Homepage GoVandals.com

The Idaho Vandals are the intercollegiate athletic teams of the University of Idaho. The Vandals participate in the NCAA's Division I FBS (Football Bowl Subdivision, formerly I-A) in the Western Athletic Conference (WAC).

In addition to football, the intercollegiate athletic program fields two teams (men's & women's) in the following sports: basketball, golf, tennis, cross-country, and track (indoor & outdoor). Volleyball, soccer, and swimming are varsity sports offered only for women.

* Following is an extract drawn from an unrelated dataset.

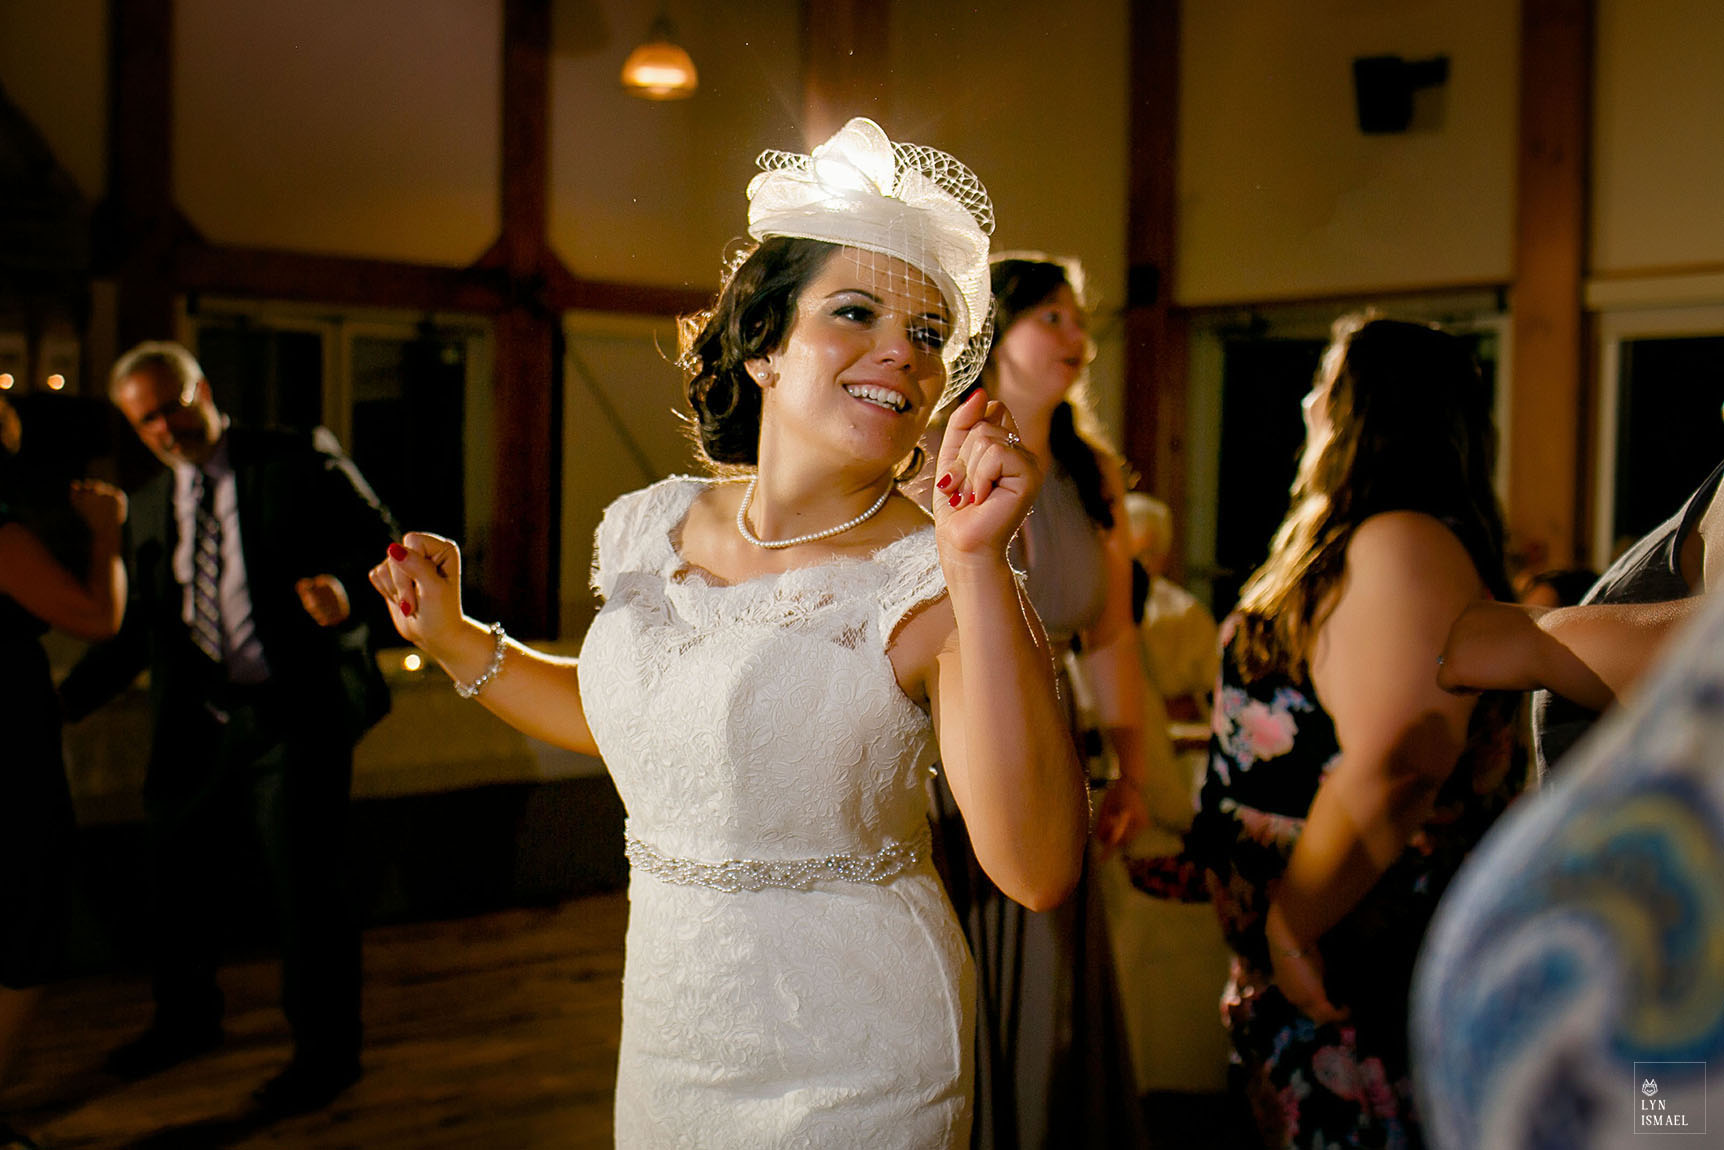 Bride dances with her guests at her wedding reception in Grey Silo in Waterloo, Ontario.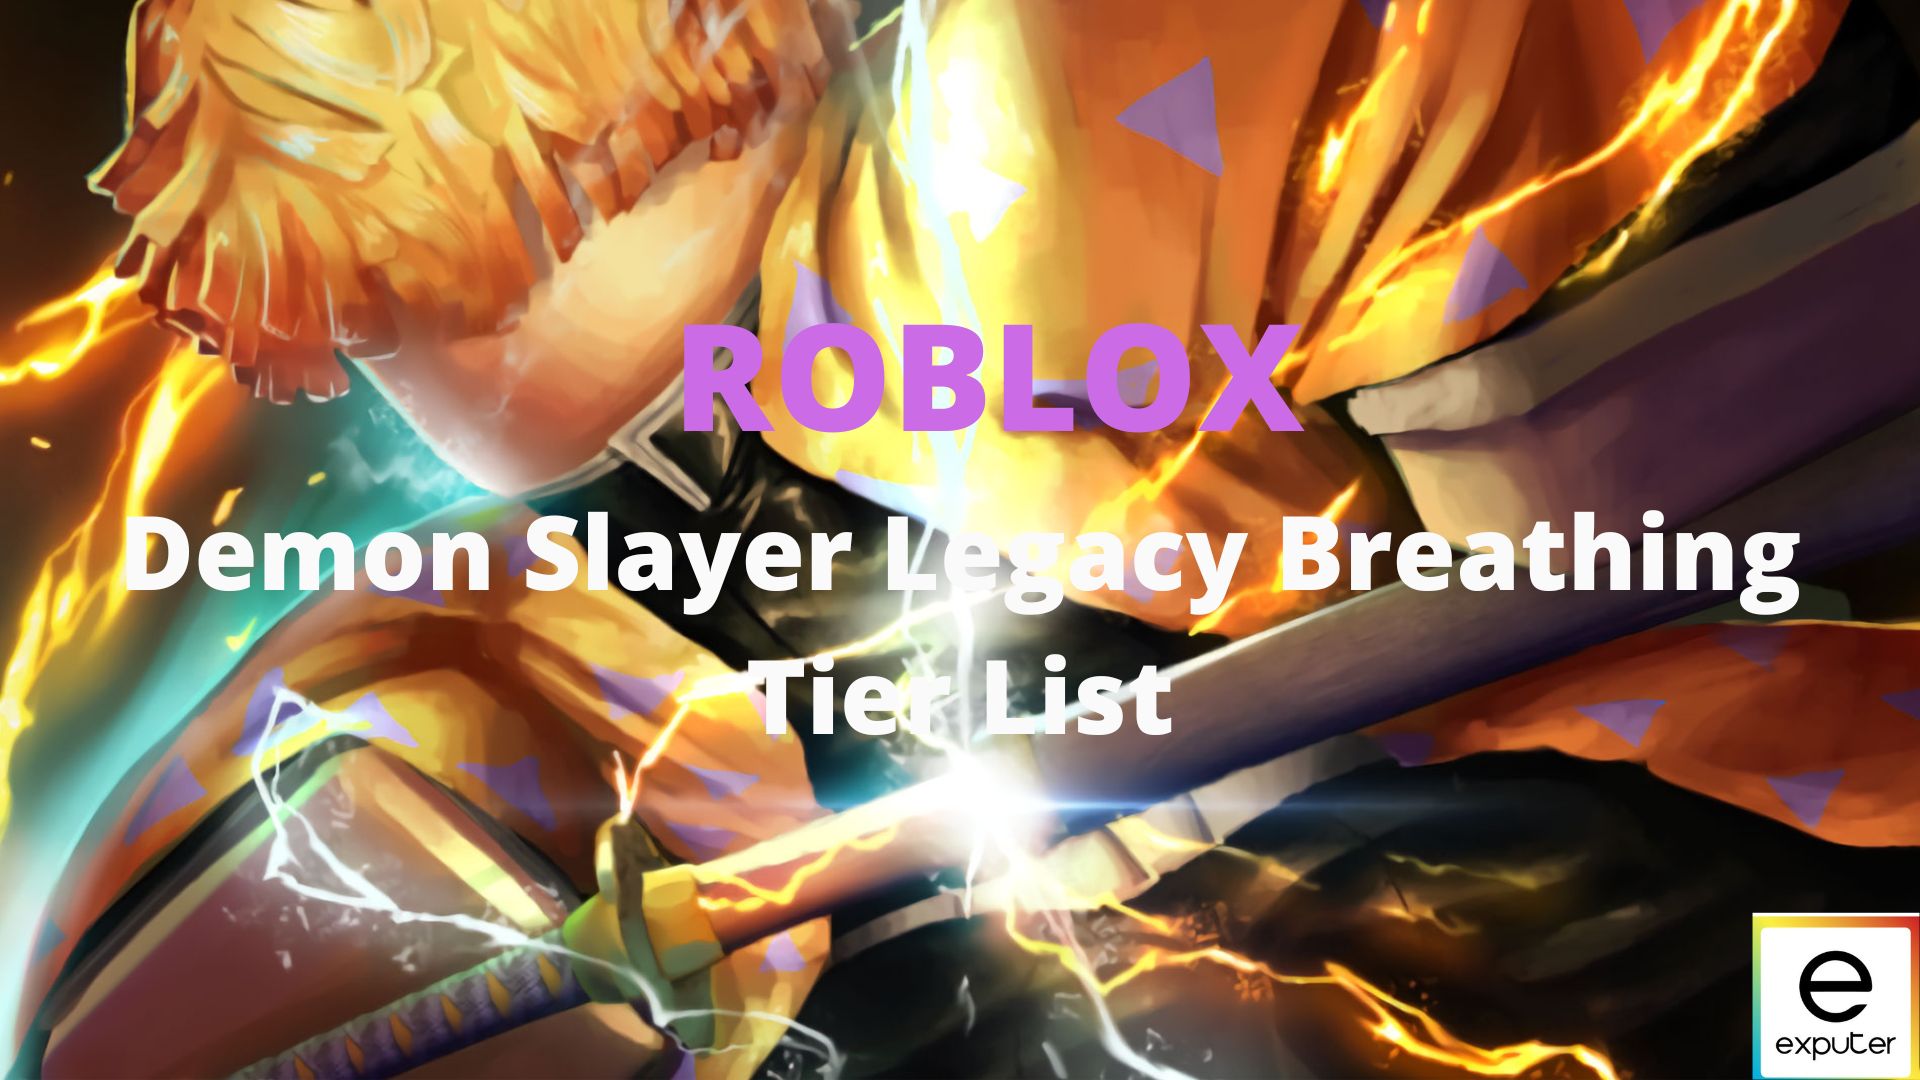 Demon Slayer: Legacy - Roblox

The university's official colors are silver & gold, honoring the state's mining tradition. Because these metallic colors in tandem are not visually complementary for athletic uniforms, black & gold are the prevalent colors for the athletic teams, with an occasional use of silver, similar to Colorado, whose official colors are also silver and gold. Under head coach (and alumnus) Chris Tormey, the football team changed from yellow gold to metallic gold in 1995, and the other teams followed. Yellow gold and black were the colors used by the most of the varsity teams from 1978-95.

Contents

Conference affiliations

UI joined the WAC in July 2005, moving from the Big West Conference, which it had joined in 1996, moving back to Division I-A after 18 years in I-AA. Because the Big West discontinued football after the 2000 season, the UI was a "football-only" member of the Sun Belt Conference for four seasons (2001-04).

Prior to July 1996, UI competed in the Big Sky Conference for 33 years; it was a charter member in 1963. The Big Sky has been a Division I-AA conference since I-AA's formation in 1978, but from 1963-77, the conference was a "college division" (later Division II) for football. Although a charter member of the Big Sky, Idaho maintained its "university division" (Division I) status, with its additional football scholarships, by playing a non-conference schedule of Division I teams. Idaho moved down to the new I-AA division in 1978 as the Big Sky moved up from Division II.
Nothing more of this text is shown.